Copy out exactly, from the entries that follow, the line holding "Being there doesn’t", the line holding "Taxonomic Results of", and all lines between them, but no pictures.

--- Exercise input ---

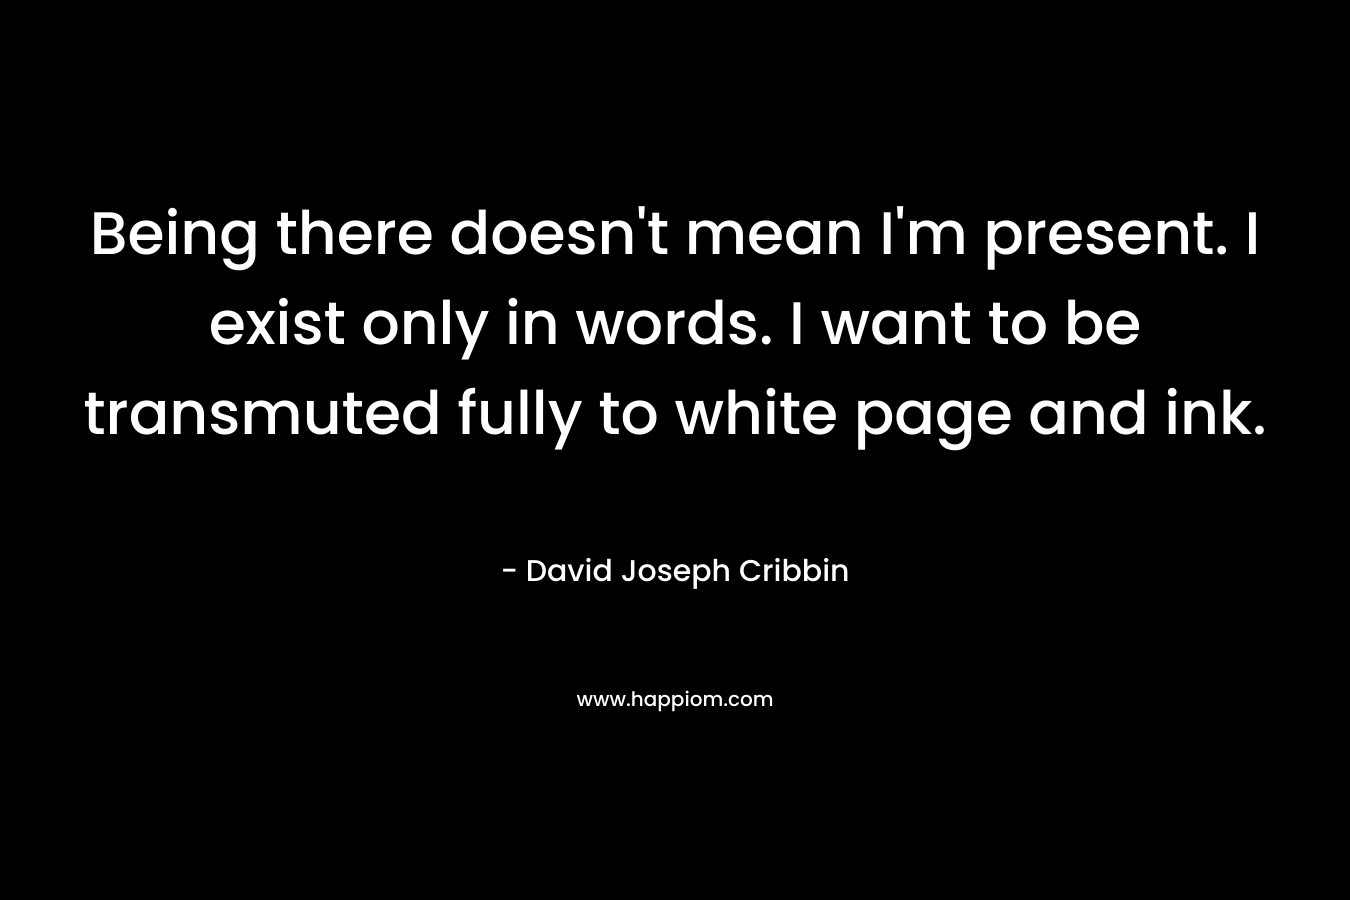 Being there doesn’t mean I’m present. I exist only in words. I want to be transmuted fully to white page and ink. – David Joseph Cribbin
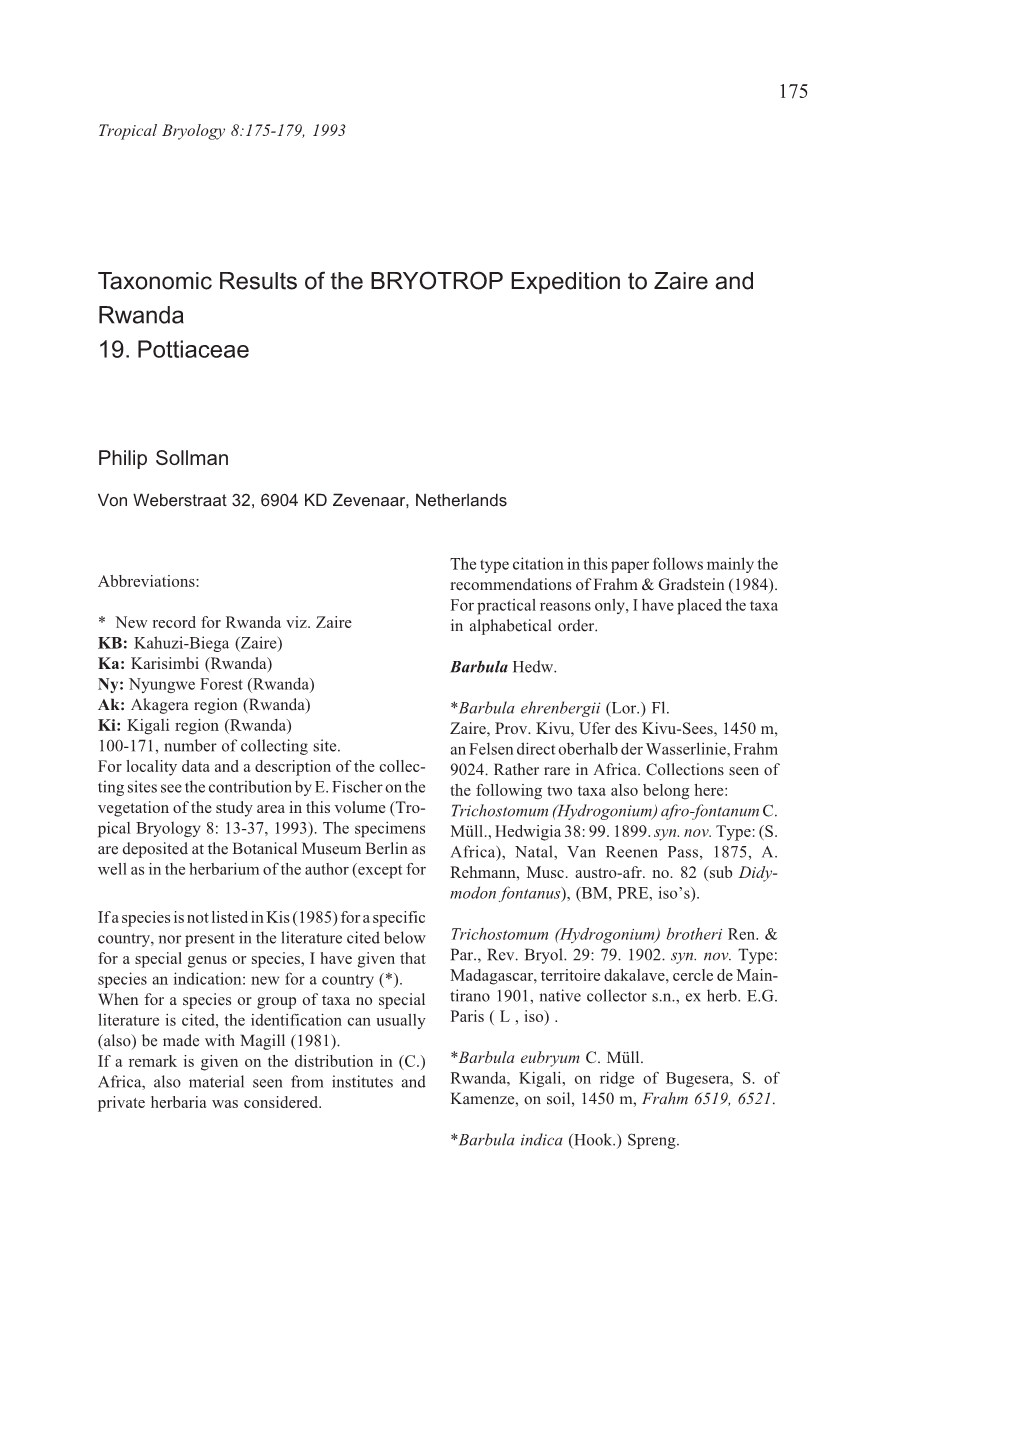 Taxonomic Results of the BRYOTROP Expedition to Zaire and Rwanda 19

---
--- Exercise input ---

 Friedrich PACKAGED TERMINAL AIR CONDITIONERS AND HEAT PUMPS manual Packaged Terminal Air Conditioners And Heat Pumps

---
--- Exercise input ---

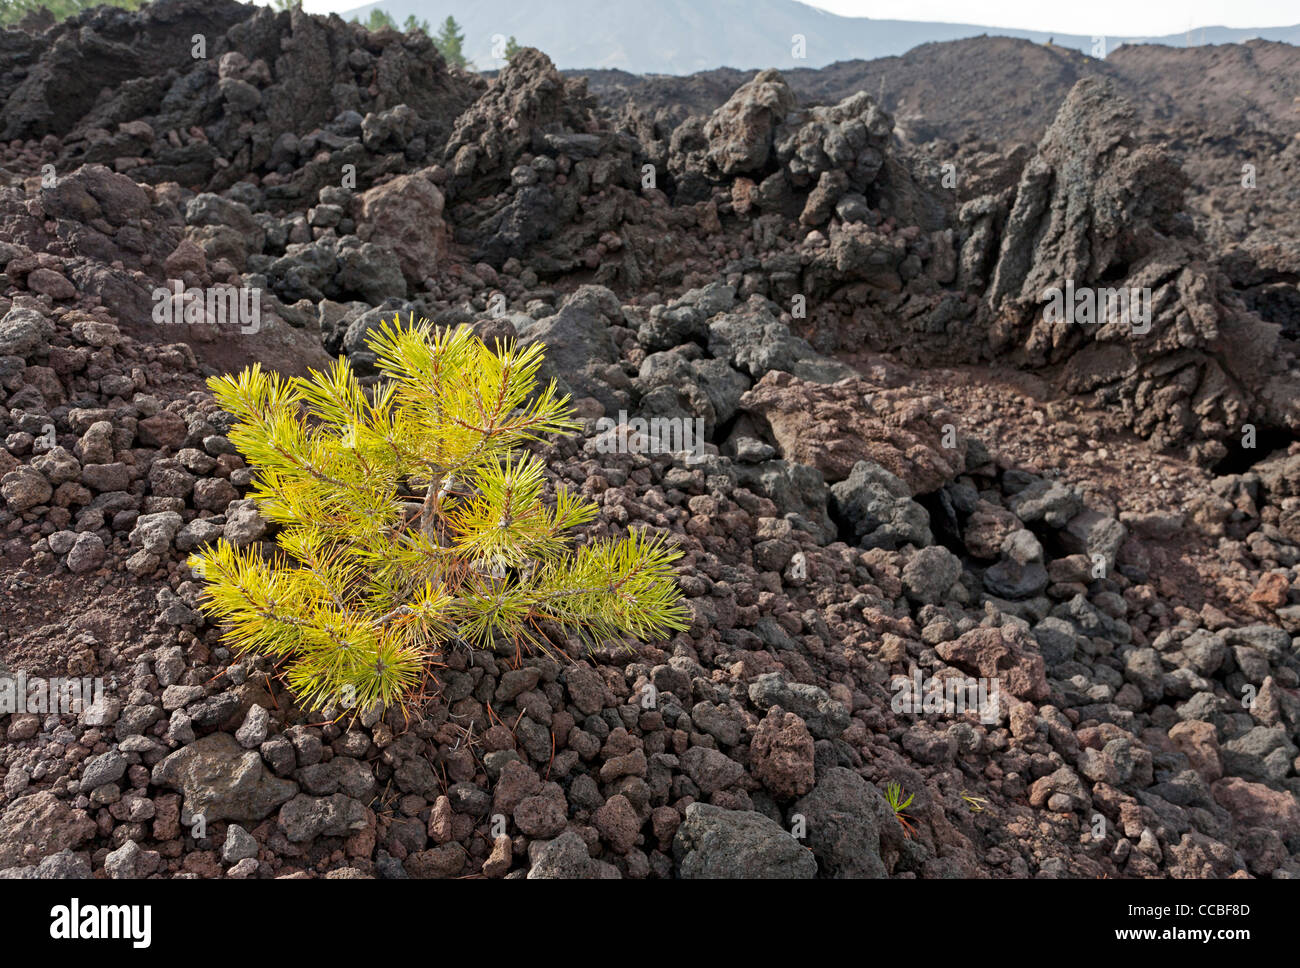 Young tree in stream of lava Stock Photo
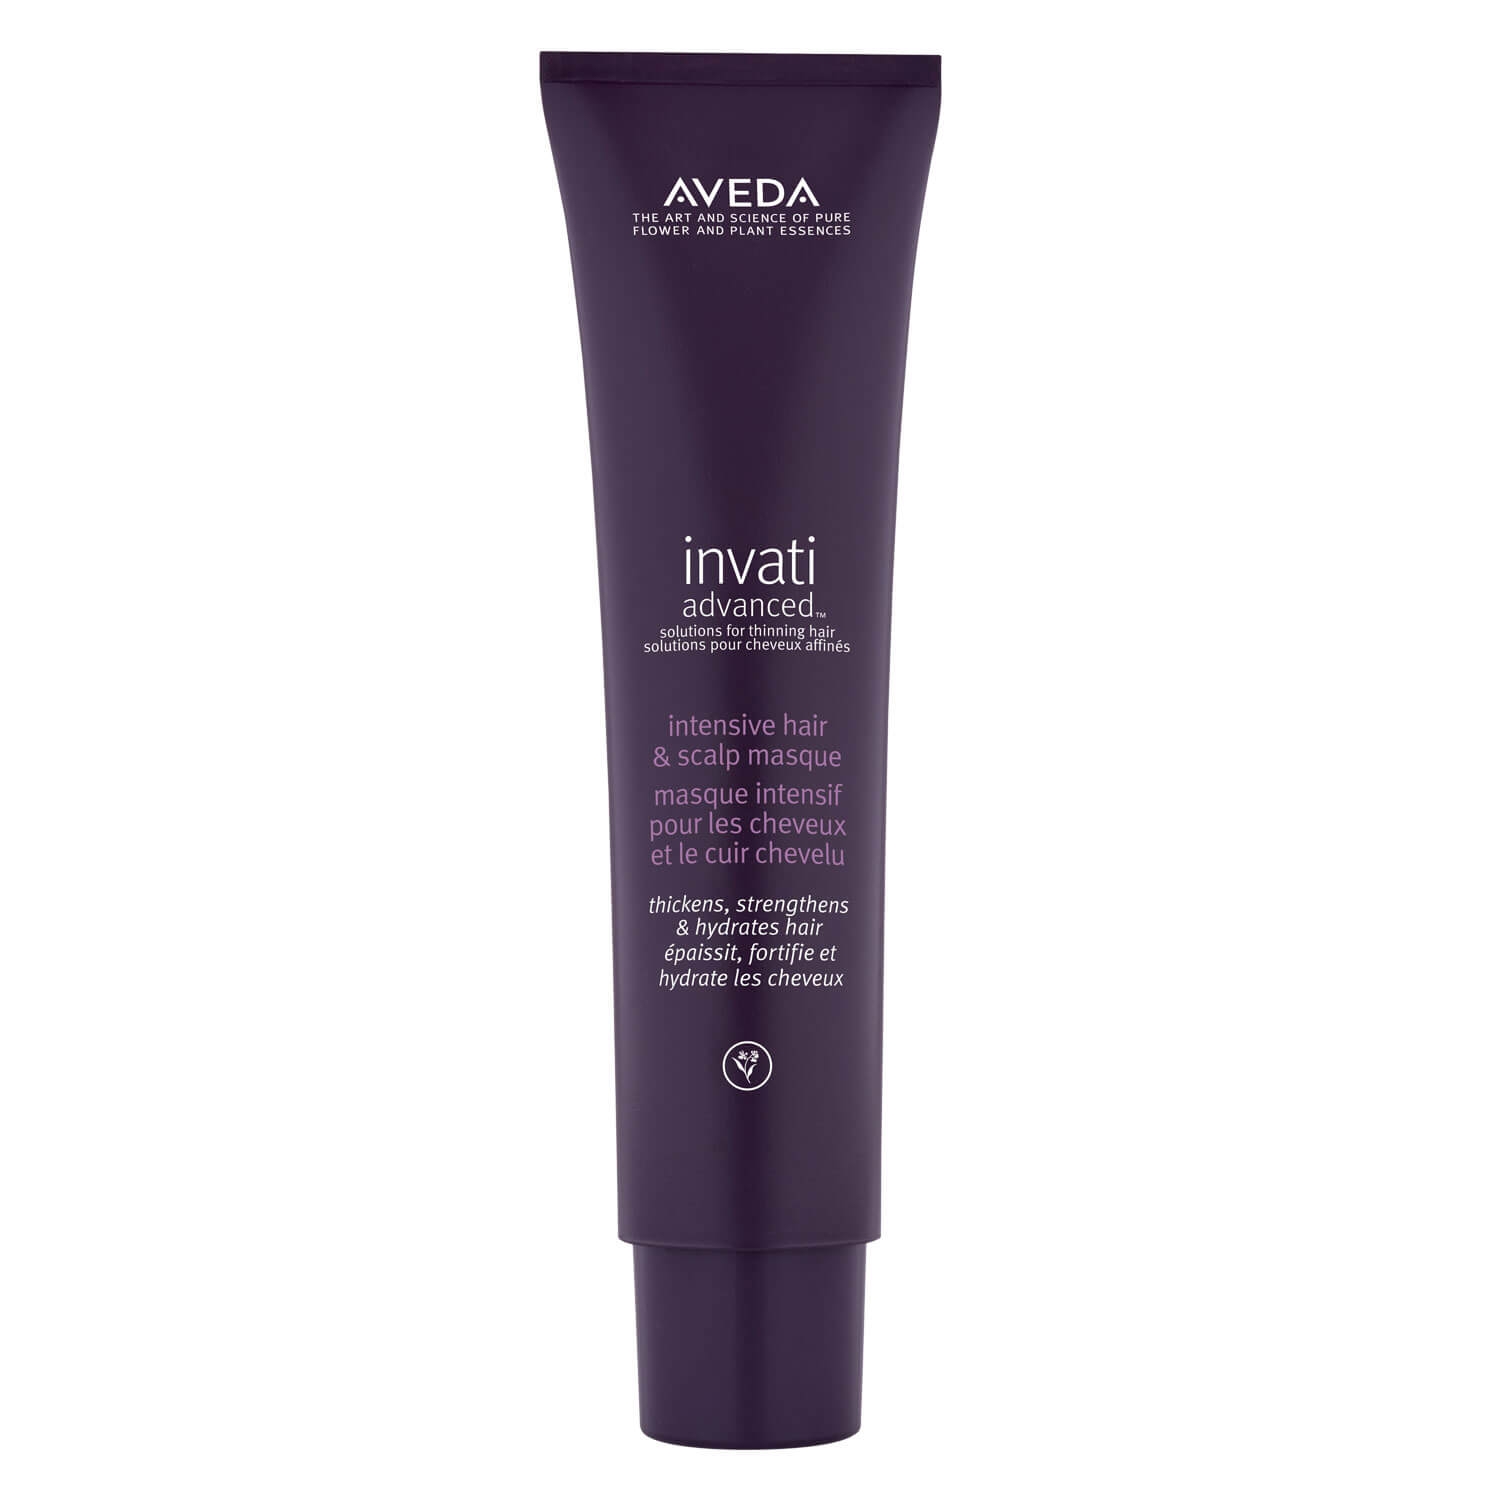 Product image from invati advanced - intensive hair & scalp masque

---

Response:
 Being there doesn’t mean I’m present. I exist only in words. I want to be transmuted fully to white page and ink. – David Joseph Cribbin
 Taxonomic Results of the BRYOTROP Expedition to Zaire and Rwanda 19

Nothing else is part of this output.